Paper 5 set out the five minimum instruments a functioning sovereignty regime actually requires. None are in place for the TELUS announcement or the Ontario deployments:
- Sovereign Exposure Registry – a mandatory, public, machine-readable log of every AI contract, vendor dependency, and data-flow risk.
- Sovereignty Trigger Framework – binding tests that automatically escalate any procurement exceeding defined foreign-control thresholds.
- Contingency Architecture Requirement – every vendor must deliver and test a fully documented, air-gappable migration path before signing.
- Tempo-Matched Monitoring Function – real-time capability tracking that matches the speed of vendor roadmaps, not annual audits.
- Provincial Sovereignty Backstop – statutory language that prevents federal deals from pre-empting provincial data and governance rules.
Paper 8 added the five-element coordination architecture (shared standards, compliance reporting, incident reporting, workforce frameworks, and analytical coordination) plus the three operational levers that make it enforceable across federal, provincial, and municipal lines. None of those elements or levers appear in the TELUS press release or the Ontario medical-scribes rollout.
What changes tomorrow is therefore simple and non-negotiable. Any new AI infrastructure or tool contract, federal or provincial, must, at signing:
- Enter the Sovereign Exposure Registry.
- Include a tested contingency architecture.
- Be scored on genuine capability sovereignty, not just hosting.
- Carry mandatory accuracy, incident, and hallucination reporting before clinical or public-service use.
These are not long-term aspirations. They are the minimum operational requirements for the procurement decisions being made this month. The $2 billion TELUS cluster and Ontario’s medical AI program are not exceptions; they are the rule until the architecture exists. The hole at the centre is no longer theoretical. It now has a price tag and a delivery date.
In the TELUS/NVIDIA case, this scoring would require explicit disclosure of single-vendor control over the entire compute, networking, and software stack, and a binding plan to maintain Canadian operational sovereignty even if U.S. policy, pricing, or technology roadmaps shift.
CUSMA Looming
The CUSMA review opens July 1. The federal position that has to be formed for the review now has to account for two new facts.

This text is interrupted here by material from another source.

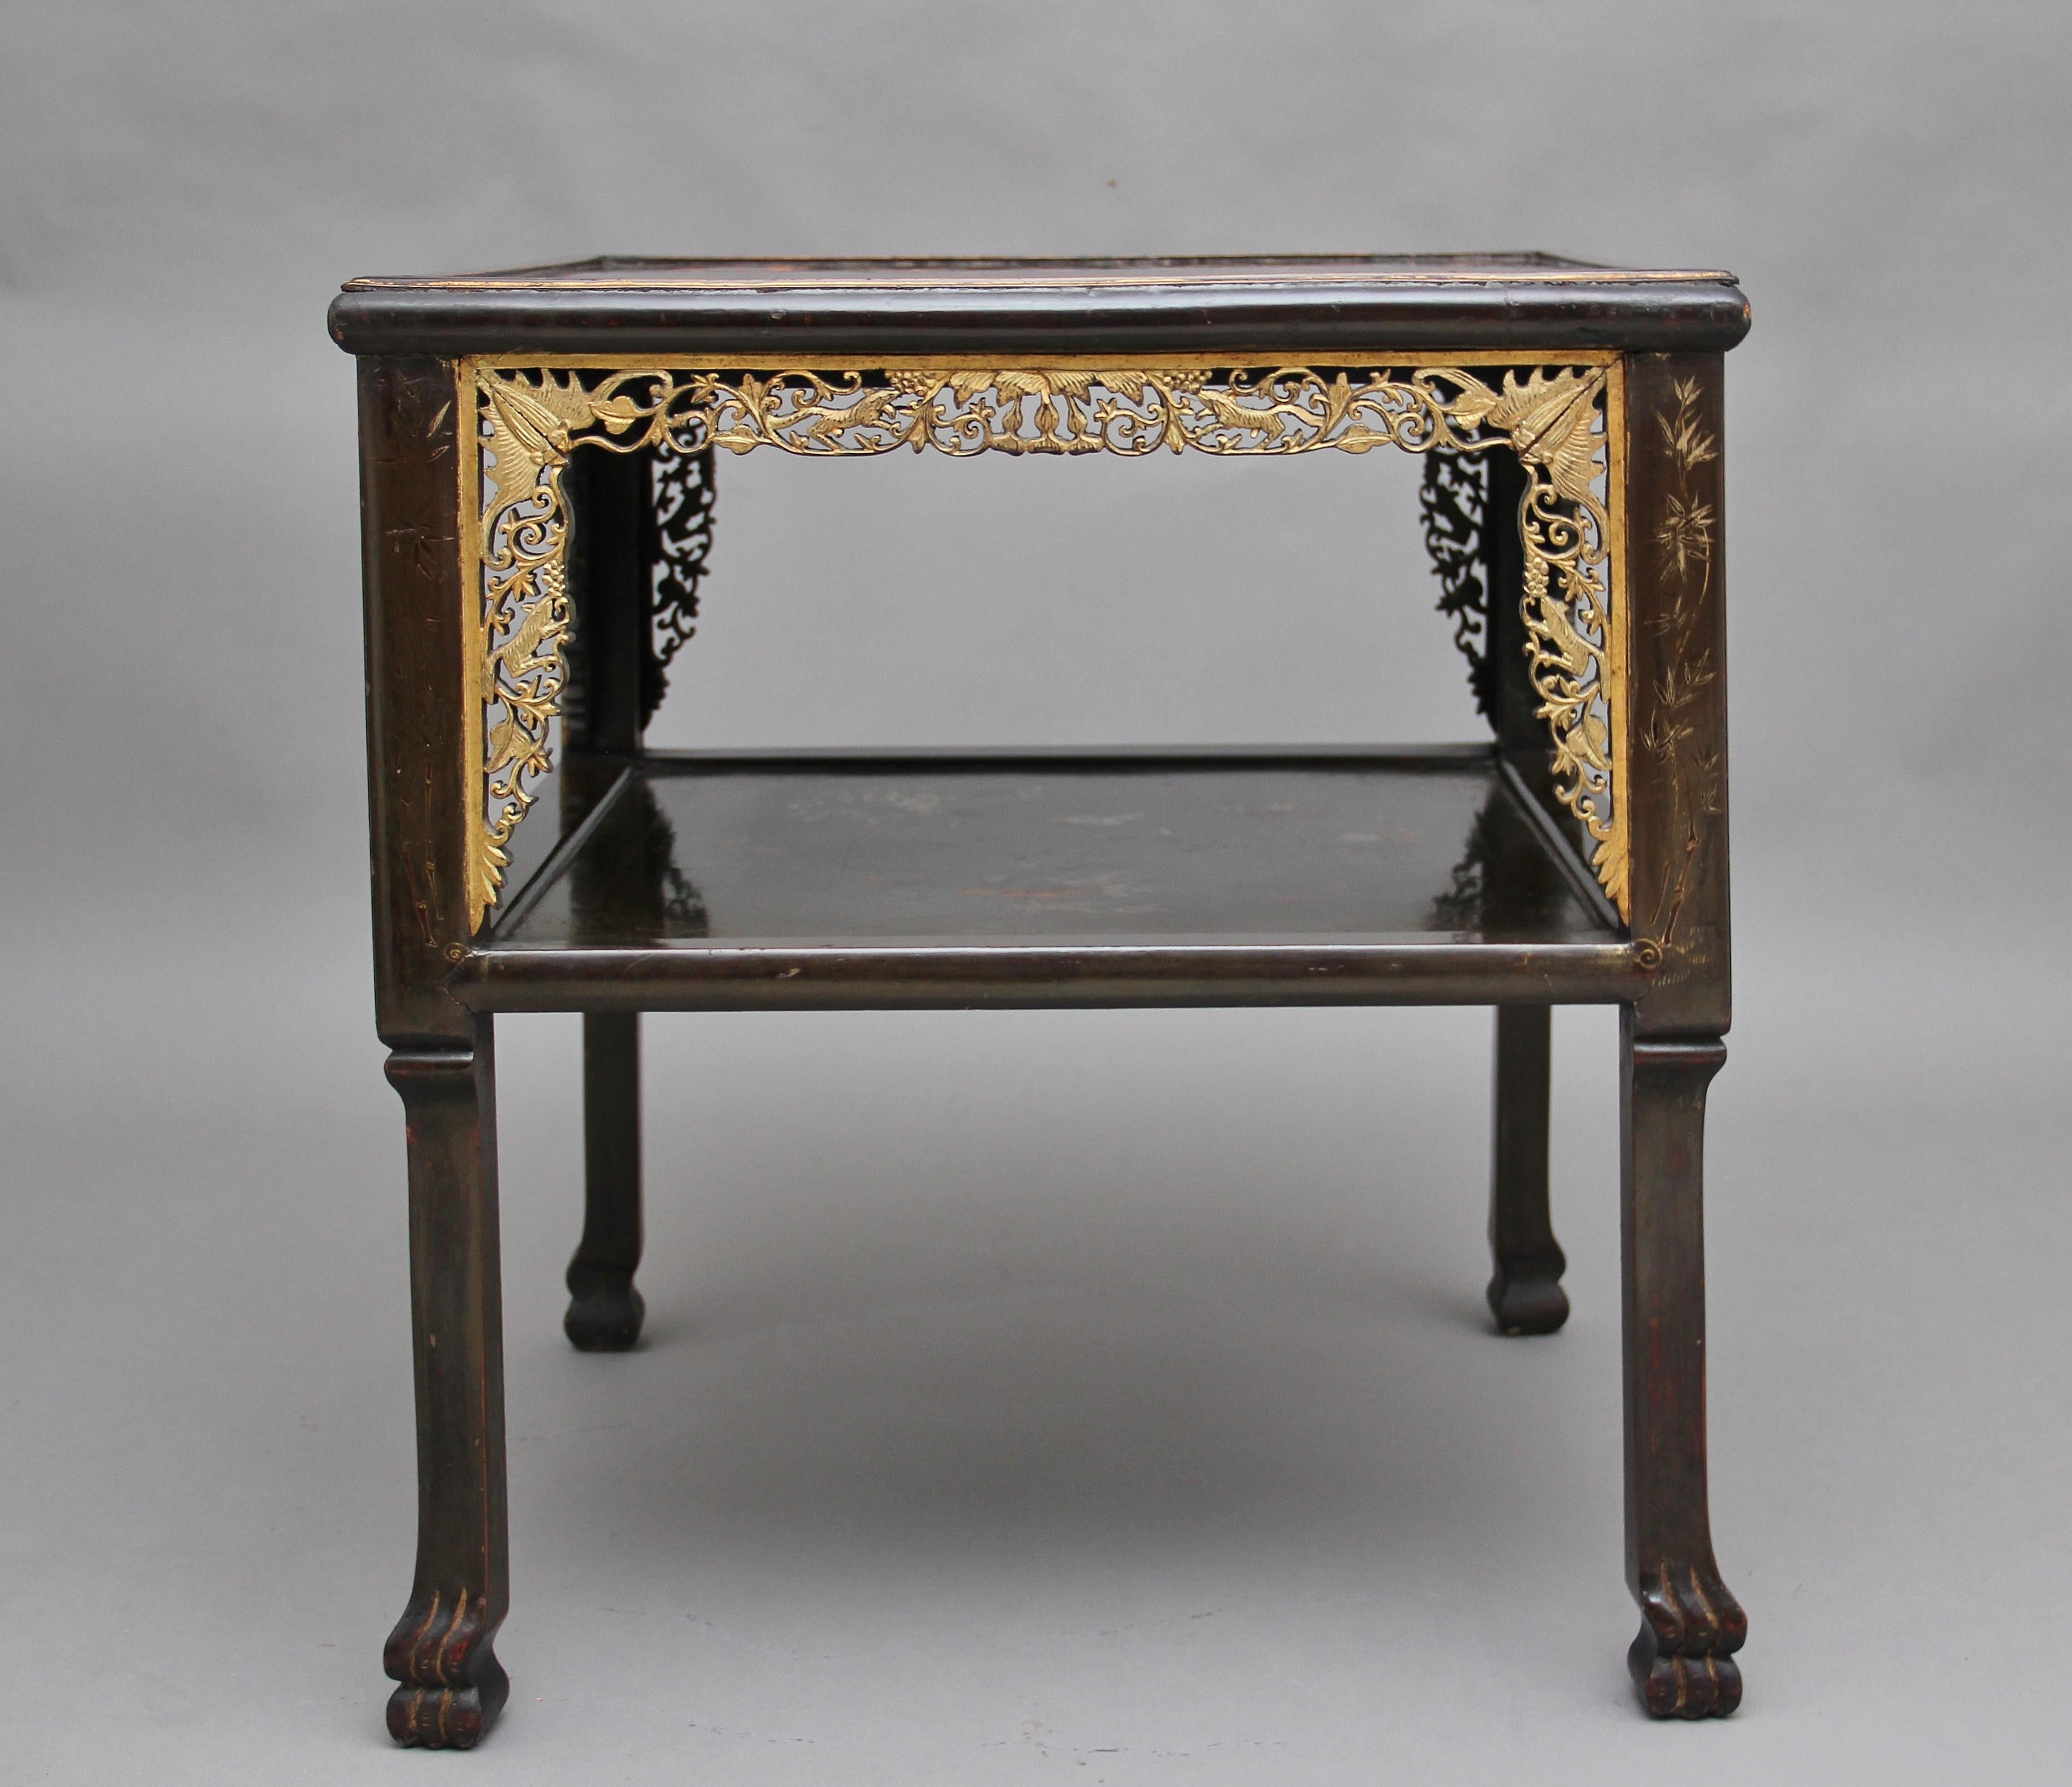 A decorative 19th century Chinese lacquered two-tier occasional table, the square top having lovely floral pattern decoration and this is also the same on the shelf below, each side having detailed carved and gilt fret work, supported on square legs

The TELUS announcement has anchored considerable federal AI procurement to a single foreign vendor before the trade-law architecture has been formed. The Ontario auditor general’s report has documented that provincial AI deployment is operating without the policy framework that would make any of it defensible at the trade-law layer.
CUSMA does not just structure Canadian procurement. It also rewards procurement that operates inside defensible policy frameworks under the national security exception. A federal government invoking the national security exception to justify sovereign AI procurement has to demonstrate that the procurement operates under a coherent national security policy framework. Canada cannot currently make that demonstration because the framework does not exist in published form. The Ontario findings make the demonstration harder because they show that even where partial policy frameworks exist at the provincial level, the enforcement infrastructure does not exist.
Paper 10 will take up the CUSMA architecture under which the federal position has to be formed, including how the three levers operate inside CUSMA Articles 19.11, 19.12, 19.16, and 32.2, how the national security exception applies to procurement decisions that the announcements of the last two days have already made, and what the federal position would have to include about enforceable policy across all three orders of government to be defensible at the trade-law layer.
The window for refining the position is narrowing. The procurement defaults that will define what the position has to defend are being set in the window. The work is policy. The work has not been done.